Finally some real bbq


----------



## BBQBOSS (Oct 27, 2010)

bigox911 said:


> Finally some real bbq



I'll stick with the hot wangs there... best thing they have.


----------



## Jranger (Oct 27, 2010)

Gonna try and make it myself...


----------



## threeleggedpigmy (Oct 27, 2010)

Jranger said:


> Gonna try and make it myself...



The more the merrier!


----------



## The AmBASSaDEER (Oct 27, 2010)

bigox911 said:


> Finally some real bbq



fer sure


----------



## BBQBOSS (Oct 27, 2010)

I will be there fo sho... i got a kitchen pass for the night so its just me minus ball & chain/kids.


----------



## BBQBOSS (Oct 27, 2010)

bigox911 said:


> Finally some real bbq





The AmBASSaDEER said:


> fer sure



I have about 20lbs of que in my freezer... think they would mind if i brought it and asked them to heat it up for us???


----------



## The AmBASSaDEER (Oct 27, 2010)

bigox911 said:


> Finally some real bbq





BBQBOSS said:


> I have about 20lbs of que in my freezer... think they would mind if i brought it and asked them to heat it up for us???



Do it!!! I dare ya!


----------



## germag (Oct 27, 2010)

BBQBOSS said:


> I have about 20lbs of que in my freezer... think they would mind if i brought it and asked them to heat it up for us???



I'm down wit' dat! 


Actually, come to think of it maybe you'd better not.....I'm betting they won't like getting upstaged.....we might not be welcome to come back next time....


----------



## The AmBASSaDEER (Oct 27, 2010)

Should I bring my rollerskates or what?


----------



## BBQBOSS (Oct 27, 2010)

germag said:


> I'm down wit' dat!
> 
> 
> Actually, come to think of it maybe you'd better not.....I'm betting they won't like getting upstaged.....we might not be welcome to come back next time....

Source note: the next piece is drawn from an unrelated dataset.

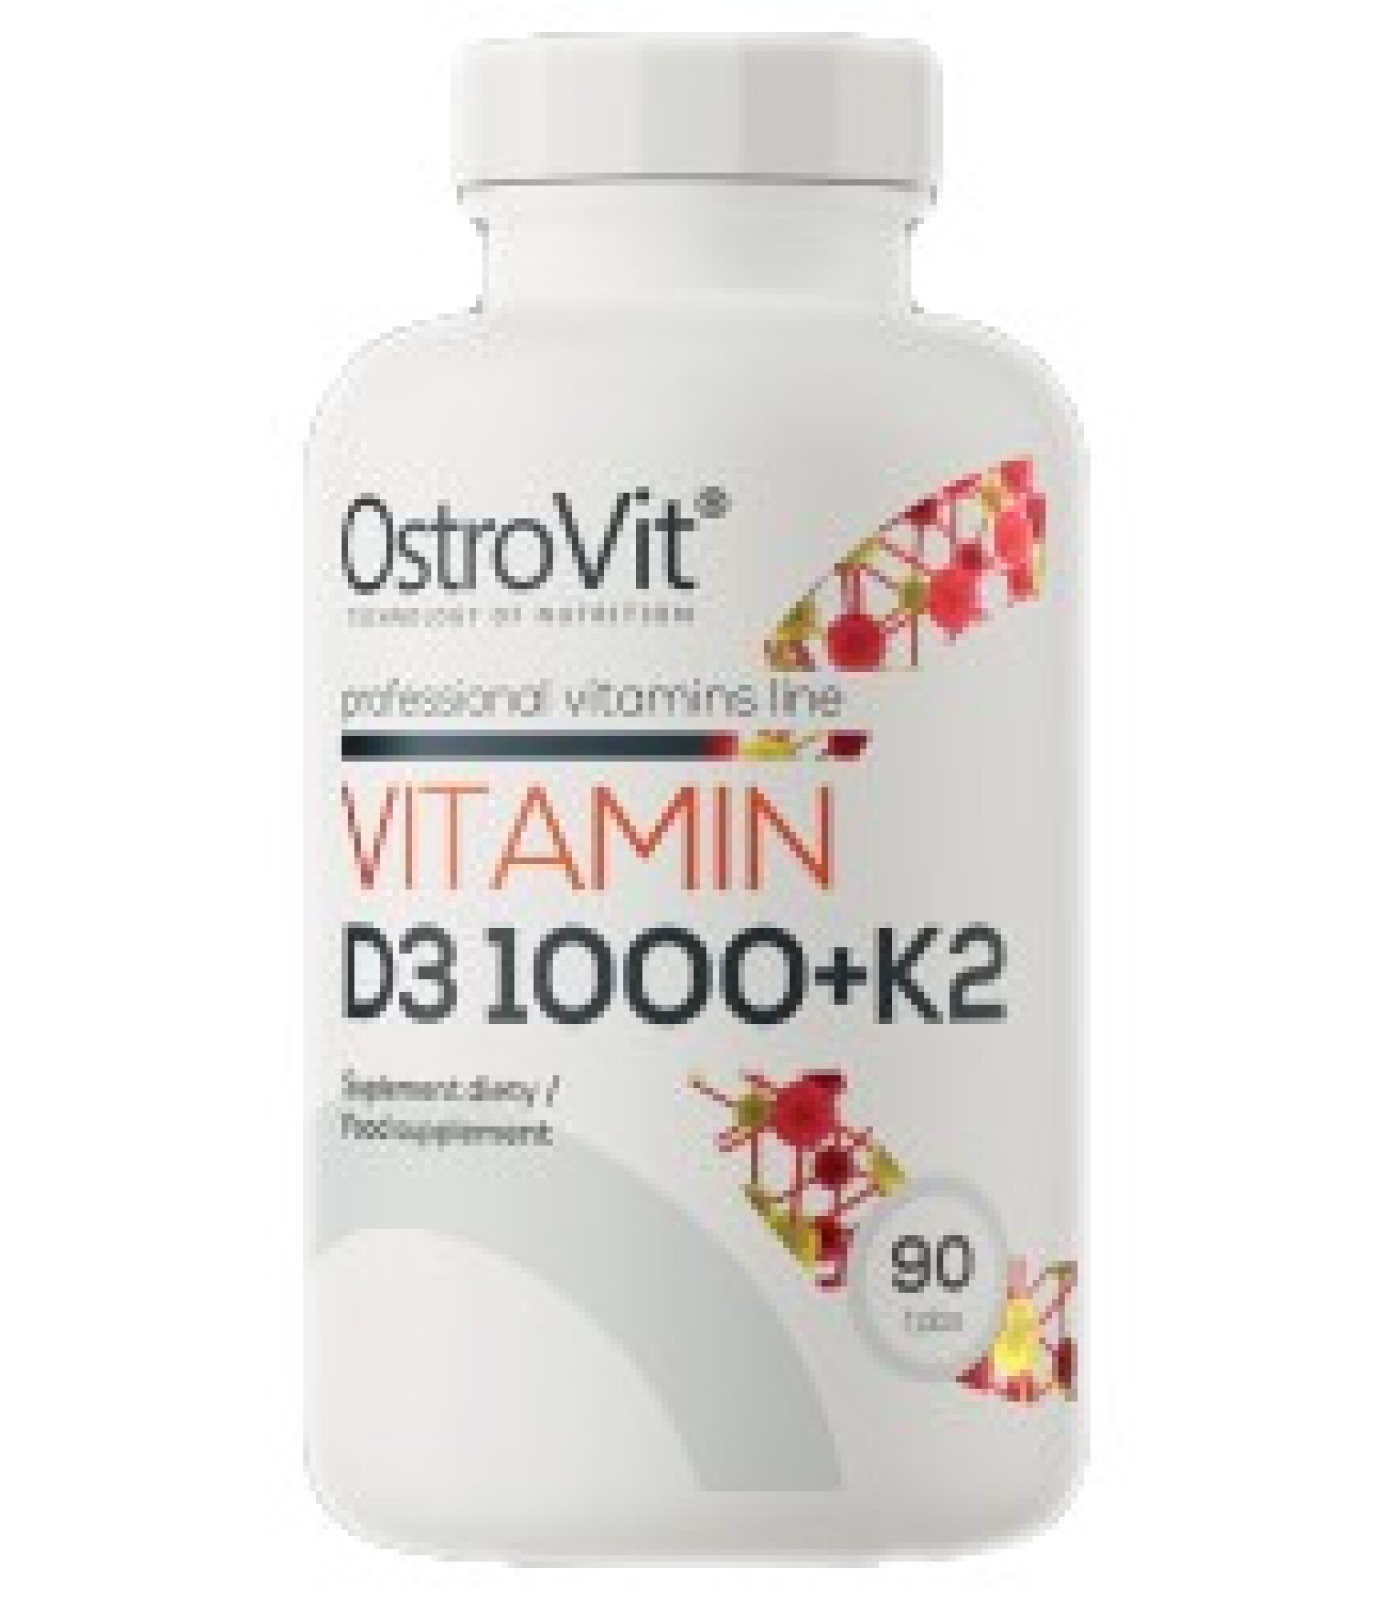 OstroVit - Vitamin D3 1000 IU + K2 50 mcg / 90 Таблетки, 90 дози

Yeah i better hold off cause the guy i cooked this for has bunches of guns and his wife has an itchy trigger finger. I dont need anymore ventilation holes in me.


----------



## threeleggedpigmy (Oct 27, 2010)

Bump


----------



## Jranger (Oct 27, 2010)

The AmBASSaDEER said:


> Should I bring my rollerskates or what?



I'll buy you a beer if you wear em...


----------



## germag (Oct 27, 2010)

It was a good time! Good to see everybody.


----------



## NOYDB (Oct 27, 2010)

Enjoyed the excellent company as always.


----------



## BBQBOSS (Oct 28, 2010)

Another good one guys and gals!  Good to see everyone again!


----------



## OutFishHim (Oct 28, 2010)

Had a great time!


----------



## bigox911 (Oct 28, 2010)

Good to see y'all as always


----------



## jsullivan03 (Oct 28, 2010)

OutFishHim said:


> Had a great time!


----------



## boonhogganbeck (Oct 28, 2010)

Hate that I missed it.


----------



## Jranger (Oct 28, 2010)

OutFishHim said:


> Had a great time!



You were a wild woman last night night...

I don't think I've seen any one have that much fun...

Good to see all you guys again...I need to get out more.


----------